# Lay Responder Vs. First Responder



## ClarkKent (Apr 2, 2009)

I have my First Responder as I am going for my EMT right now, and I just noticed that the American Red Cross have a new course for Lay Responder.

My question is , what the bloody difference?


----------



## AJ Hidell (Apr 2, 2009)

ClarkKent said:


> My question is , what the bloody difference?


About thirty-two hours.

What you are seeing is simply the new terminology for their combined Standard First Aid/CPR/AED class that lasts about 9 hours.

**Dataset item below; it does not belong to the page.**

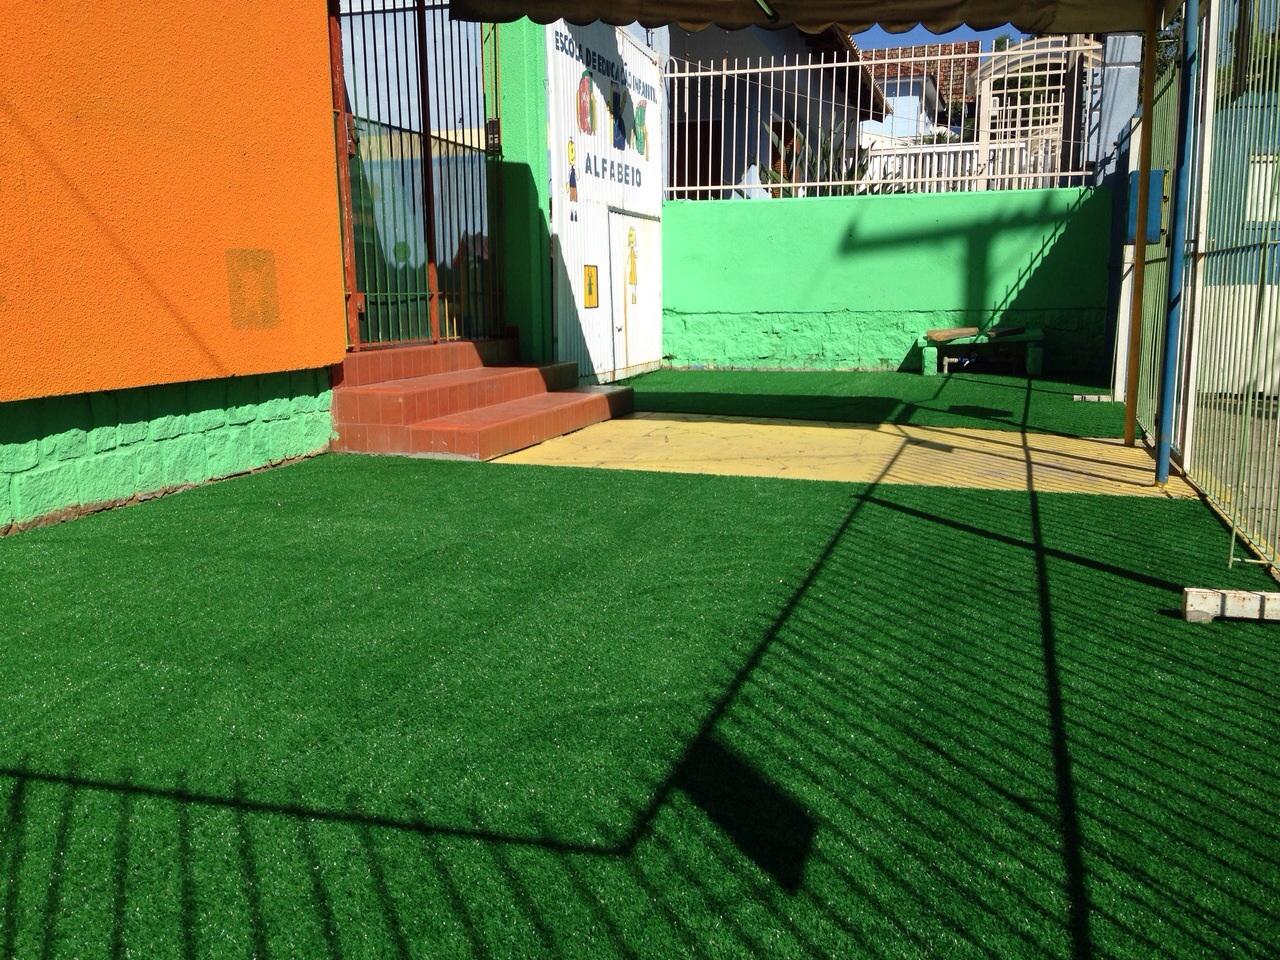 Escola de Educação Infantil Alfabeto - Grama sintética decorativa - Porto Alegre / Rio Grande do Sul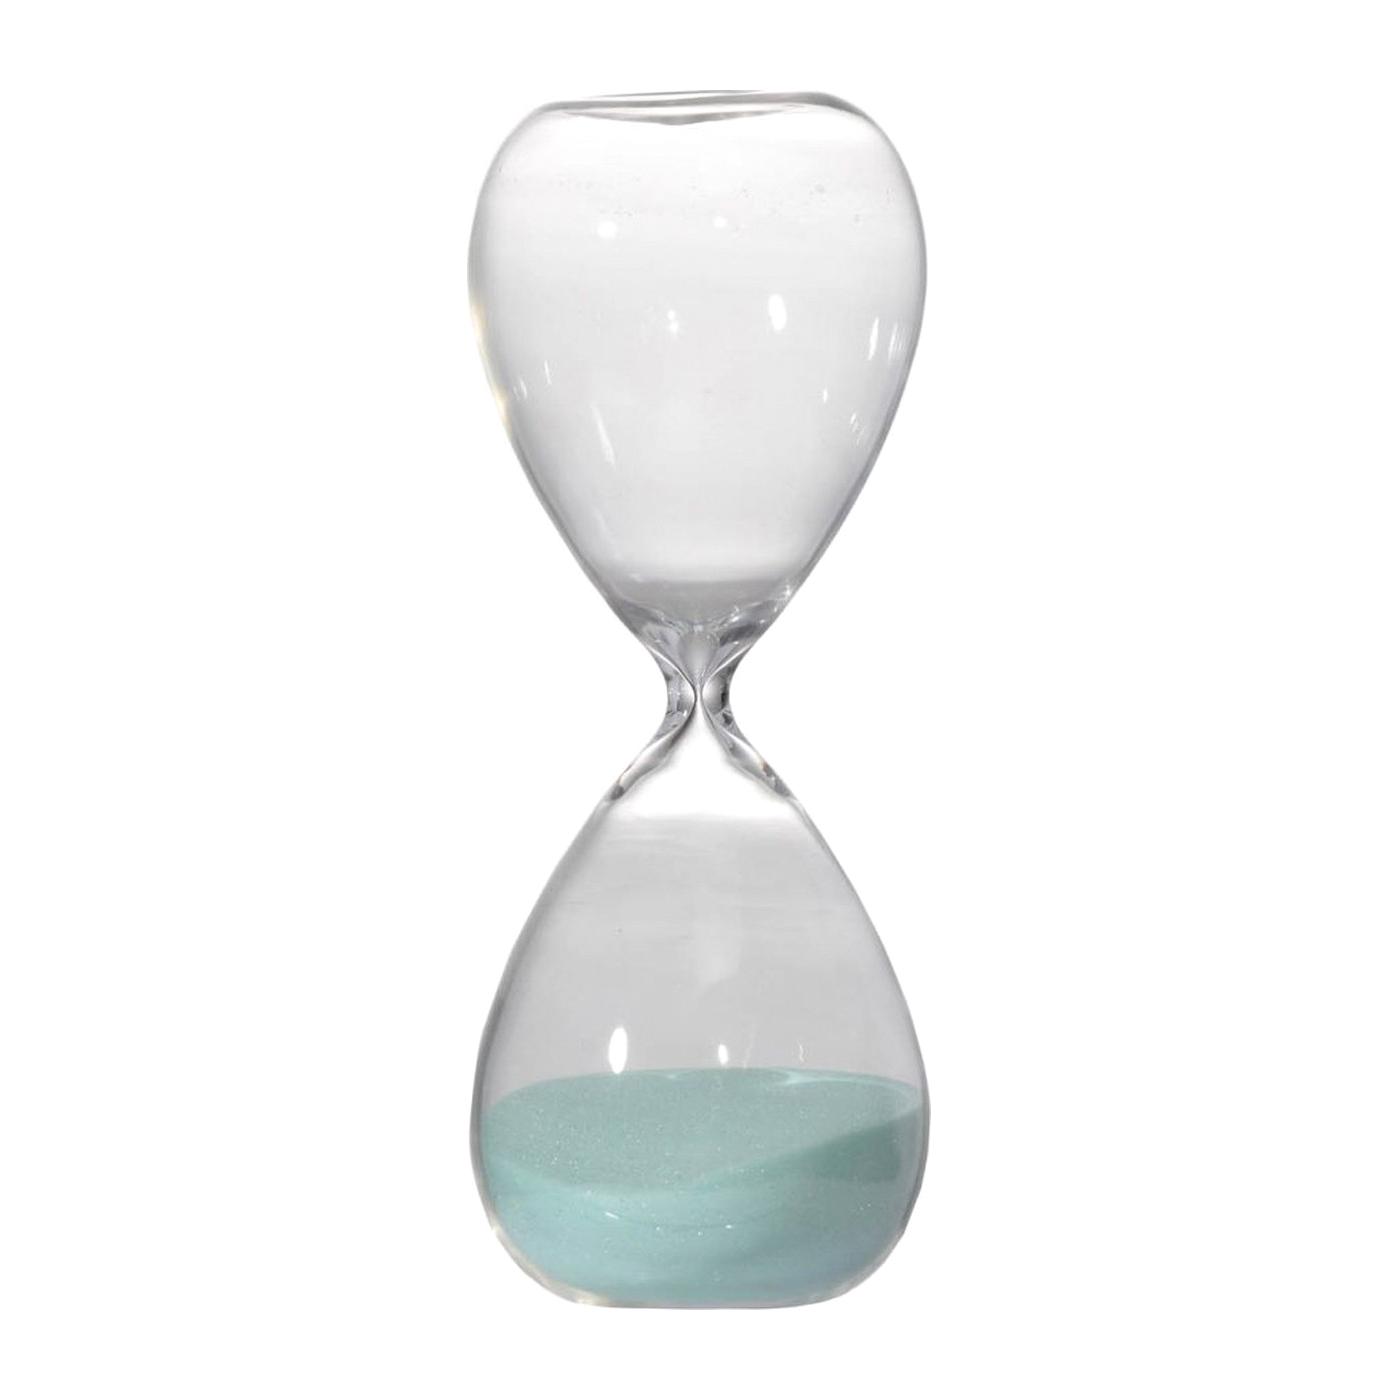 Фото - Декоративное изделие Glasar песочные часы 9x9x26см песочные часы на 60 минут 26 см прозрачный

Their Advanced First Aid / Emergency Response class is equivalent to DOT First Responder training, and is over 50 hours.


----------



## ClarkKent (Apr 2, 2009)

If I remember my First Responder class was about 48 hour in class time.  What are they not teaching in the Lay Responder?


----------



## AJ Hidell (Apr 2, 2009)

Everything.  Again, "lay responder" is just a fancy new name for the 4 hour Standard First Aid Class with CPR and AED tacked on.  It is not an EMS responder credential.  It just sounds like it.


----------



## exodus (Apr 2, 2009)

ClarkKent said:


> I have my First Responder as I am going for my EMT right now, and I just noticed that the American Red Cross have a new course for Lay Responder.
> 
> My question is , what the bloody difference?



Edit: What they said up there! I was late in posting this, haha.

Just so you know, you may get some people here pissing at you because of your training since there is no such thing as EMT-Probie. And P usually implies EMT-Paramedic. You may want to change your training to CFR / EMT-B Student


----------